Crude oil declined $1.15 yesterday. This morning the weekly EIA inventory levels
were unexpectedly lower, a big drawdown. Crude prices increased over $1.00
briefly then fell back to about unchanged.
The North Korean missile launch on Monday has
increased concern but still has had no noticeable impact on markets. Investors
and traders find it difficult to believe the hermit country will actually
attack the US and start a nuclear war.
The movement in rates recently led by the rest of the
world getting in line with the Fed’s desire to increase base lending rates –
but I am not buying these beliefs from what I am reading. Rates are still
historically low. Tomorrow’s employment data likely will increase volatility.
Our models and all the oscillators bearish but in the short run oversold,
expect volatility tomorrow and keep locked, there is little reason now to
expect rates will decline enough to help consumers much. When, not if, the
stock indexes reverse with rates higher as they will, then some improvement.
The issue is not when but at what levels rates will increase before the global
equity markets finally capitulate in a way overdue technical correction. Tomorrow
expect more volatility in rate markets and equity markets.

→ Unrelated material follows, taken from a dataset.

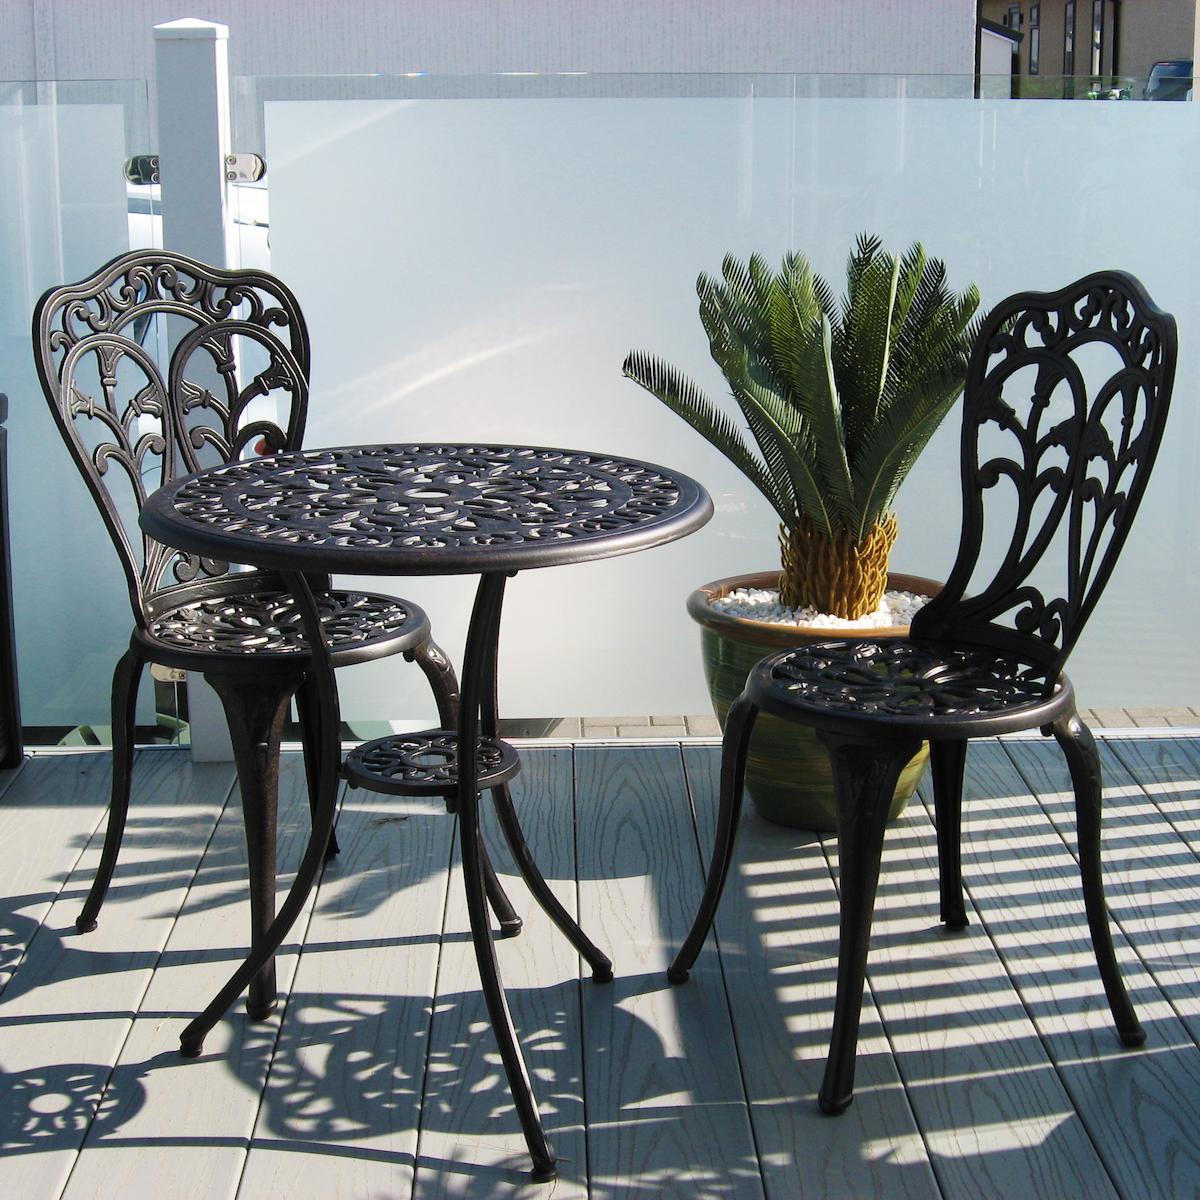 Garden furniture trends for summer 2022: Small, Balcony & City Gardens

In summary, it is very risky to be floating this
market. Bond markets gave back
yesterday's gains and more today, as ECB minutes revealed their intentions to
reduce their balance sheets (aka: 'taper"). Central bank bond purchases boost prices,
lowering rates to achieve economic growth, and removing that stimulus raises
rates. The trend is not our friend, and
will continue to not be our friend till it is not. Plus, we have payrolls report tomorrow which
always has the potential to move rates.
Only those that can afford to be wrong should consider floating right
now.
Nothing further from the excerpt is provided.